I wonder if there is any advice on training aic, COCO and mpii together.
THX.
I suppose the issue is that AIC has 14 keypoints and thus 14 channels. I think the multi dataset config is intended to train a individual head for each dataset. If you are trying to train a single head you should somehow add the misaligned COCO joints to the AIC annottions. However I think the original config makes more sense.
I suppose the issue is that AIC has 14 keypoints and thus 14 channels. I think the multi dataset config is intended to train a individual head for each dataset. If you are trying to train a single head you should somehow add the misaligned COCO joints to the AIC annottions.
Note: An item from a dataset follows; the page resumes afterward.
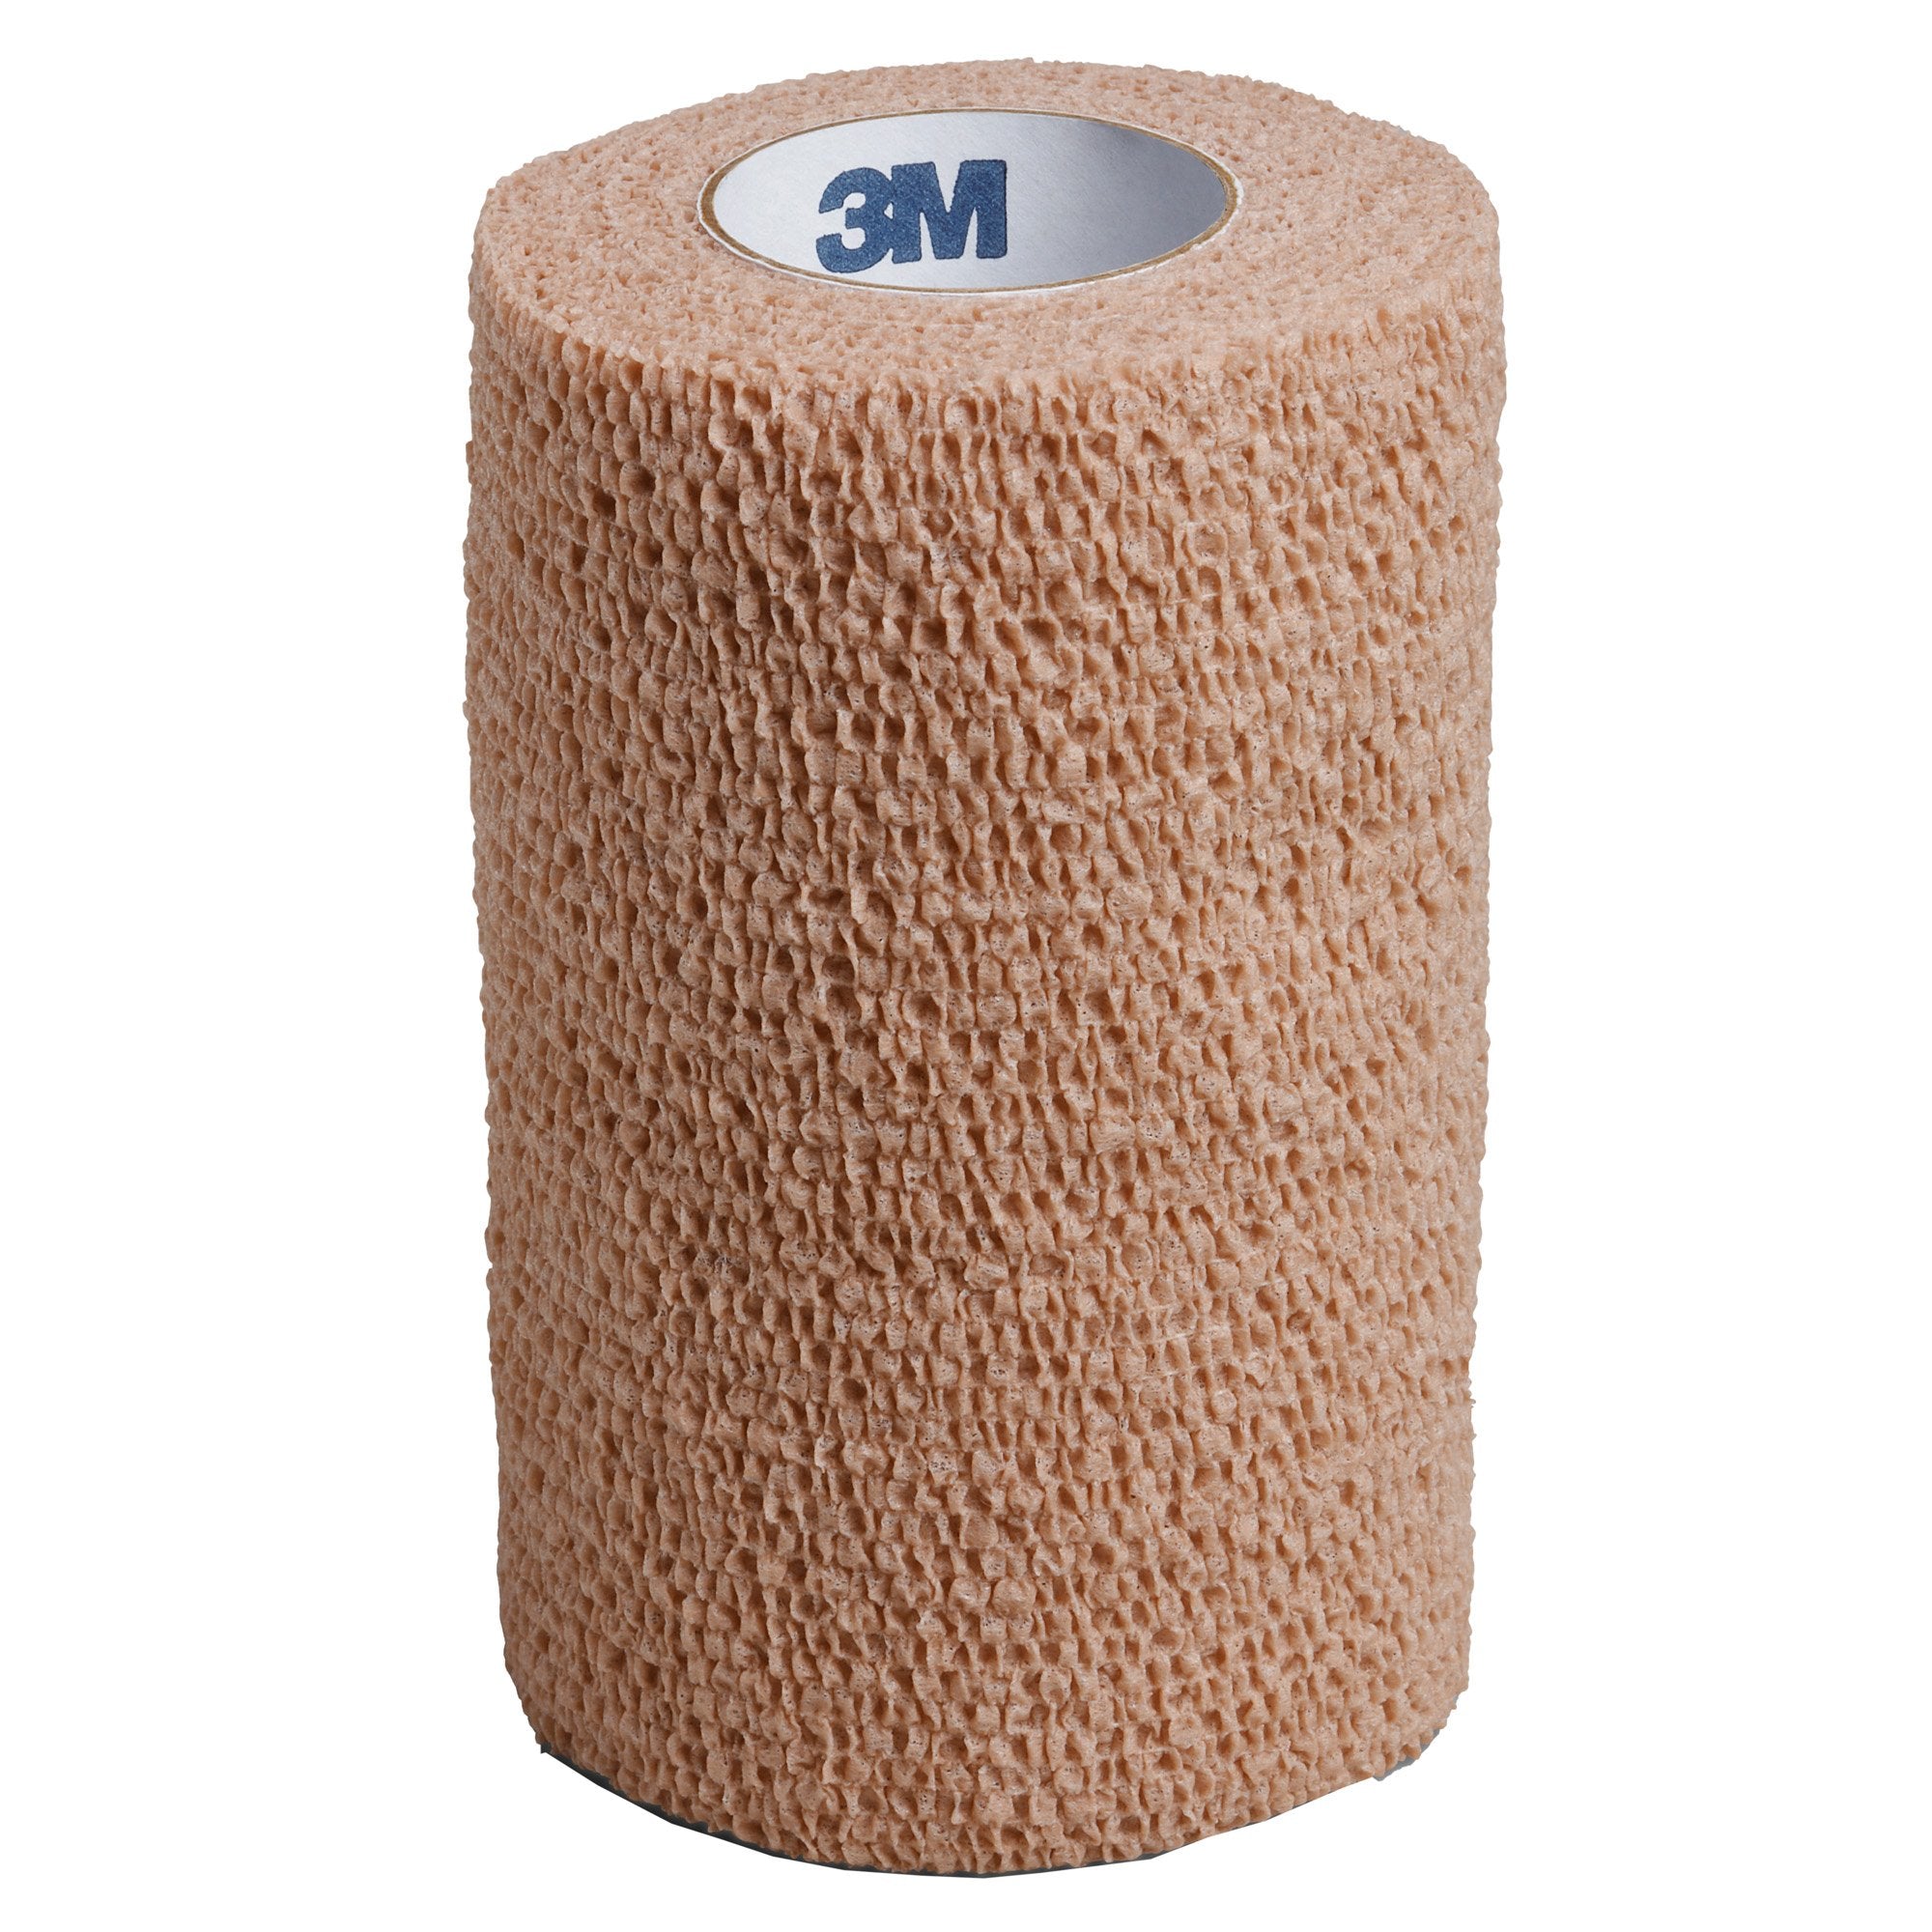 3M™ Coban™ Standard Compression Bandage 4 Inch x 5 Yard Roll

However I think the original config makes more sense.
Thank you for your reply. I tried to add associte_keypoints_head for aic and mpii dataset into config .py, part of the code is as follows:
# model settings
model = dict(
type='TopDown',
pretrained=None,
backbone=dict(type='DNet', encoding="031_40_-11-21112-111112"),
keypoint_head=dict(
type='TopdownHeatmapSimpleHead',
in_channels=1024,
out_channels=channel_cfg['num_output_channels'],
loss_keypoint=dict(type='JointsMSELoss', use_target_weight=True)),
associate_keypoint_head=[
dict(
type='TopdownHeatmapSimpleHead',
in_channels=1024,
num_deconv_layers=2,
num_deconv_filters=(256, 256),
num_deconv_kernels=(4, 4),
extra=dict(final_conv_kernel=1, ),
out_channels=aic_channel_cfg['num_output_channels'],
loss_keypoint=dict(type='JointsMSELoss', use_target_weight=True)),
dict(
type='TopdownHeatmapSimpleHead',
in_channels=1024,
num_deconv_layers=2,
num_deconv_filters=(256, 256),
num_deconv_kernels=(4, 4),
extra=dict(final_conv_kernel=1, ),
out_channels=mpii_channel_cfg['num_output_channels'],
loss_keypoint=dict(type='JointsMSELoss', use_target_weight=True)),
but got error:
It seems that the project now doses not support the associate_keypoint_head setting. I am very curious about how the author successfully trained the following model:
. The provided config file ViTPose_large_ochuman_256x192.py only uses one COCO dataset:
data_root = 'data/ochuman'
data = dict(
samples_per_gpu=64,
workers_per_gpu=2,
val_dataloader=dict(samples_per_gpu=32),
test_dataloader=dict(samples_per_gpu=32),
train=dict(
type='TopDownCocoDataset',
ann_file='data/coco/annotations/person_keypoints_train2017.json',
img_prefix='data/coco//train2017/',
data_cfg=data_cfg,
pipeline=train_pipeline,
dataset_info={{_base_.dataset_info}}),
val=dict(
type='TopDownOCHumanDataset',
ann_file=f'{data_root}/annotations/'
'ochuman_coco_format_val_range_0.00_1.00.json',
img_prefix=f'{data_root}/images/',
data_cfg=data_cfg,
pipeline=val_pipeline,
dataset_info={{_base_.dataset_info}}),
test=dict(
type='TopDownOCHumanDataset',
ann_file=f'{data_root}/annotations/'
'ochuman_coco_format_test_range_0.00_1.00.json',
img_prefix=f'{data_root}/images/',
data_cfg=data_cfg,
pipeline=val_pipeline,
dataset_info={{_base_.dataset_info}}),
)
did you solved?
I don't review all of code yet, mm-based model depends on some parameters.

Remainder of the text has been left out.